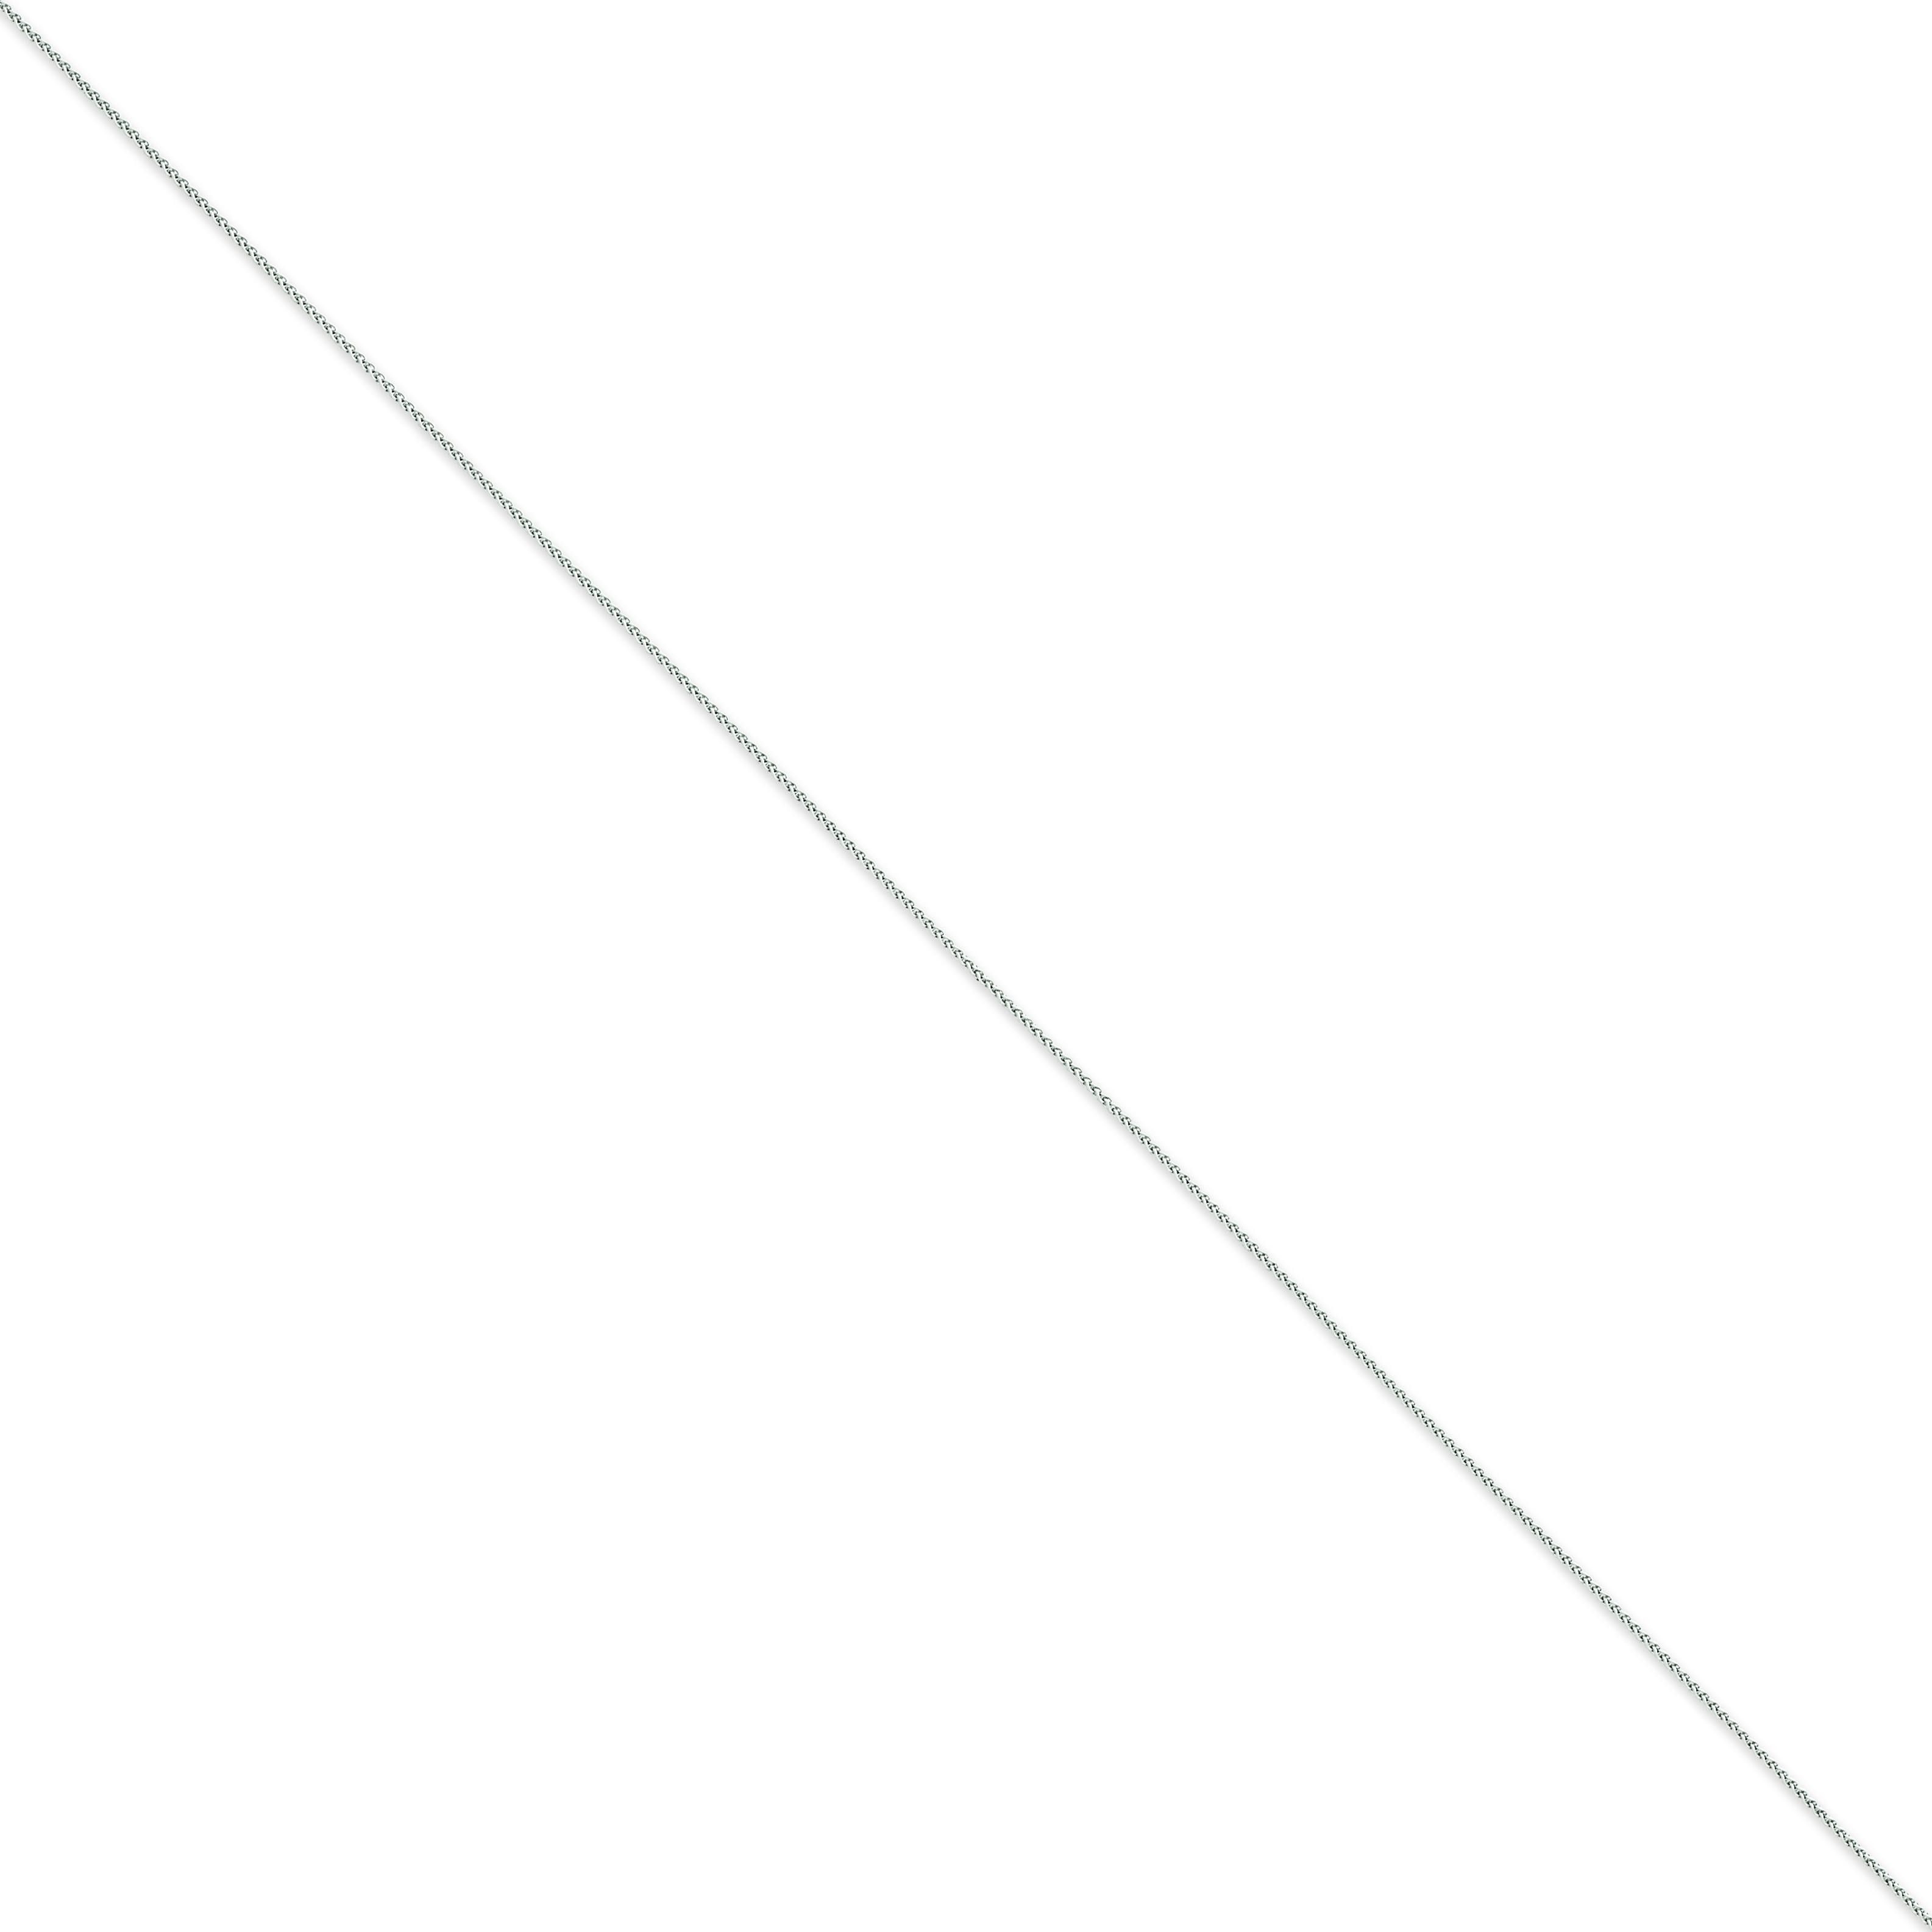 14k Yellow Gold 16 inch 0.80 mm  Spiga Choker Necklace
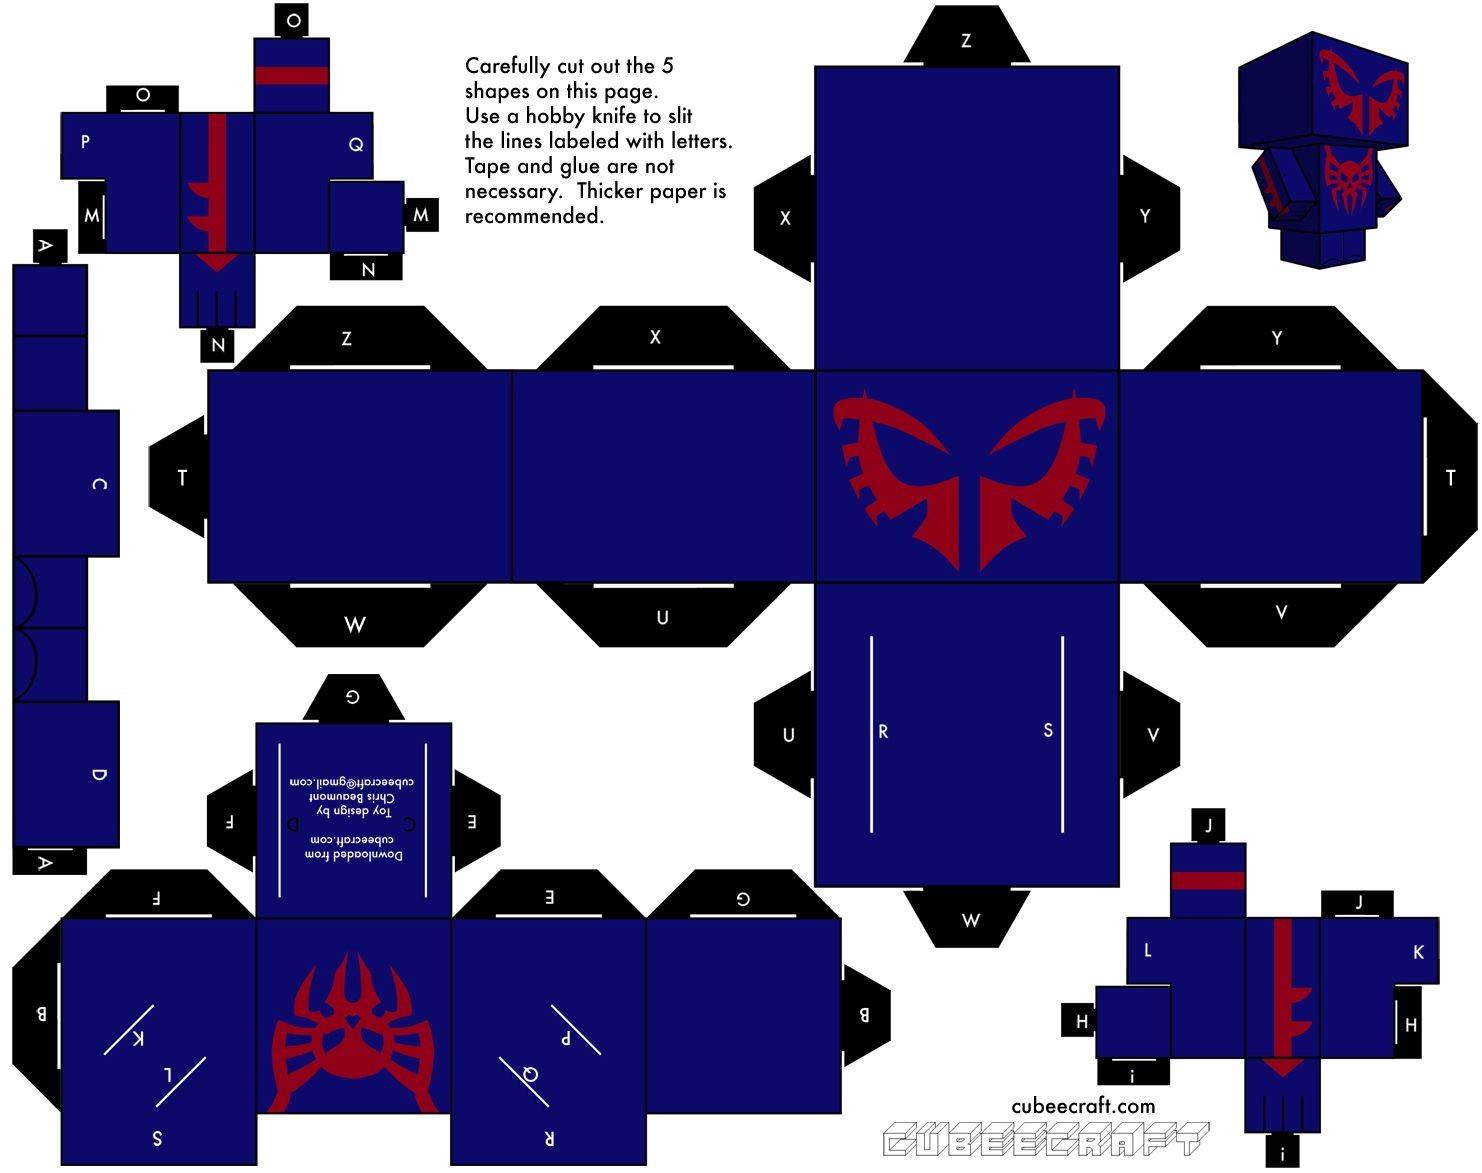 South Park Papercraft Marvel En Cubeecraft Pinterest
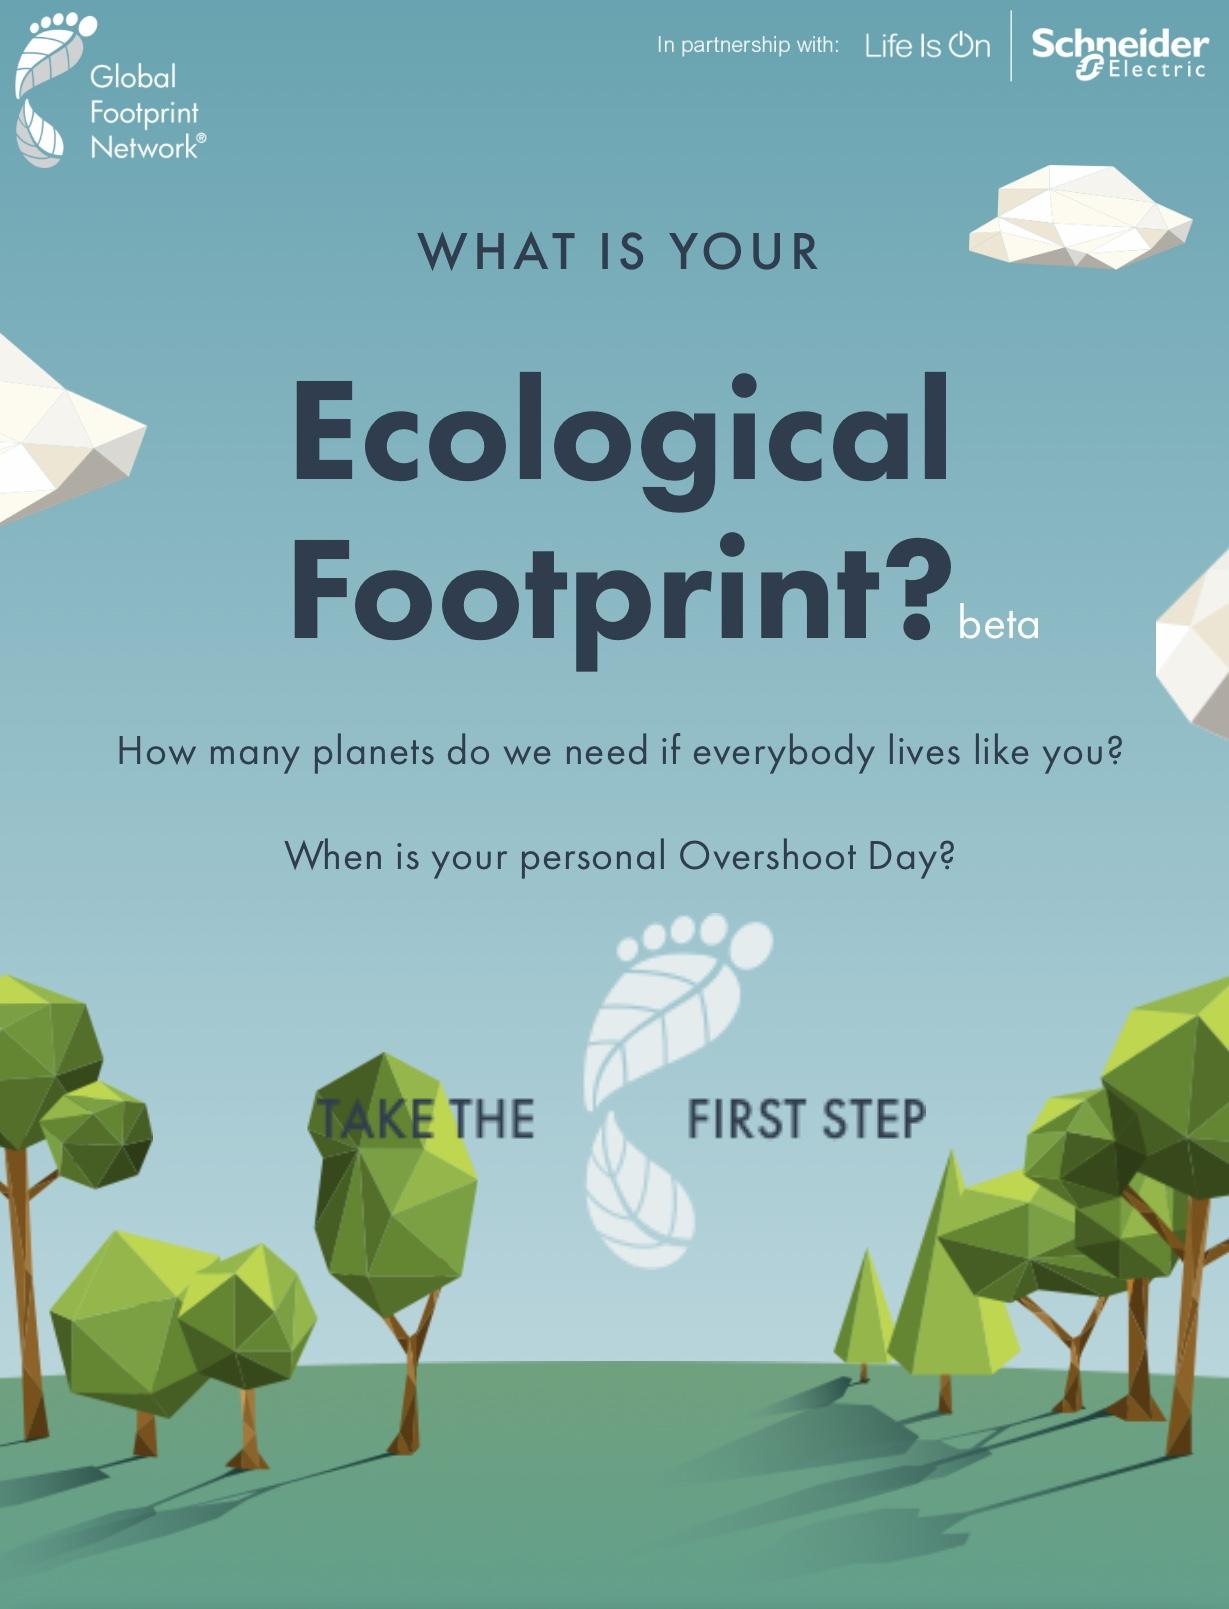 http://www.footprintcalculator.org
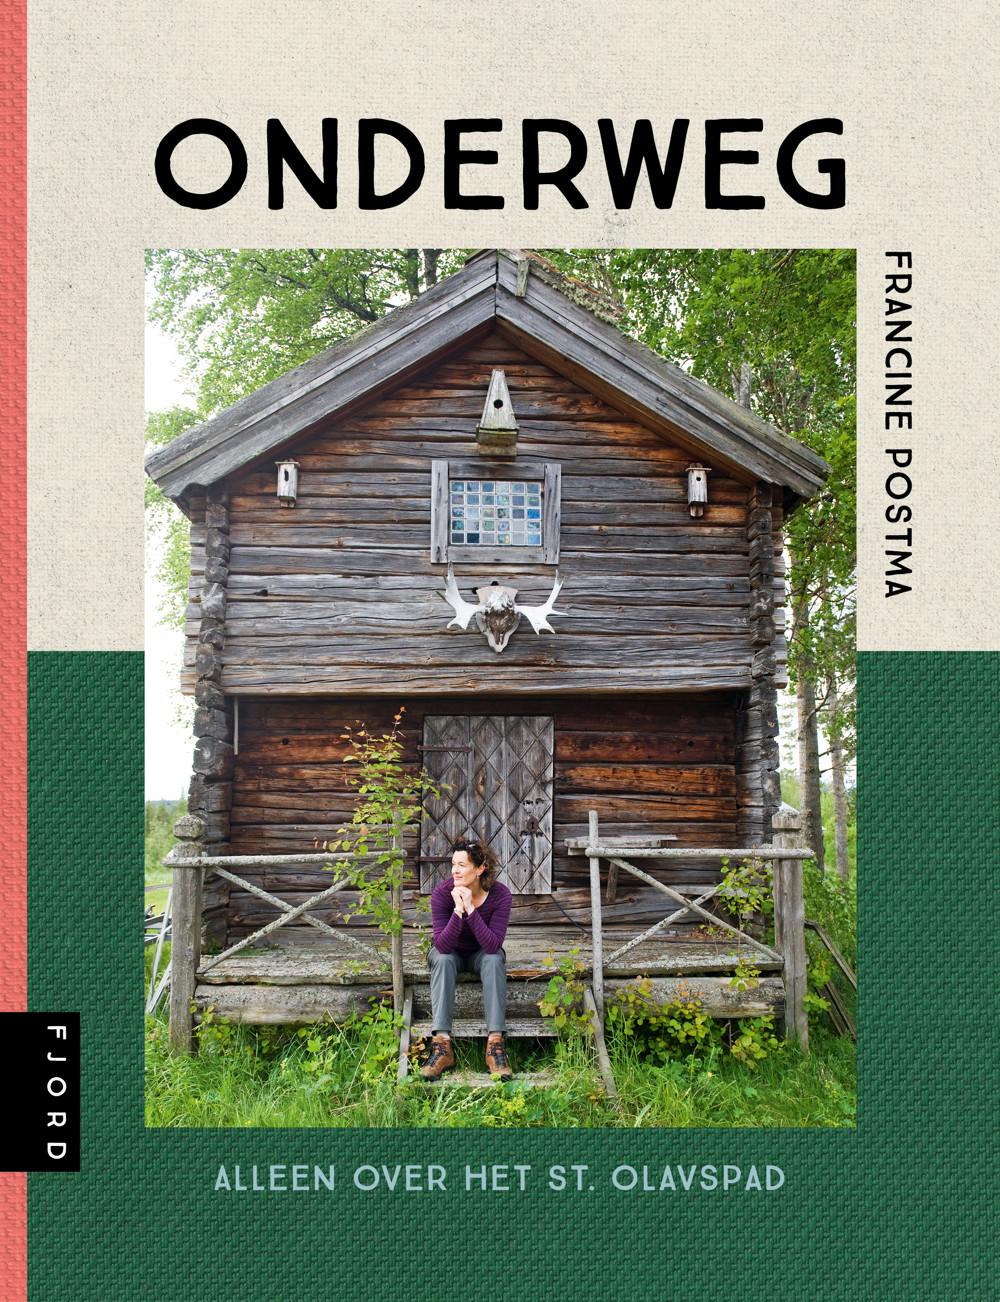 Boek - ONDERWEG Francine Postma, alleen over de St Olavs wandelroute
· · · · · · ·
ACTIVITY =
The copy should match each line above exactly and contain no images.

WORKED SOLUTION =
 14k Yellow Gold 16 inch 0.80 mm  Spiga Choker Necklace
 South Park Papercraft Marvel En Cubeecraft Pinterest
 http://www.footprintcalculator.org
 Boek - ONDERWEG Francine Postma, alleen over de St Olavs wandelroute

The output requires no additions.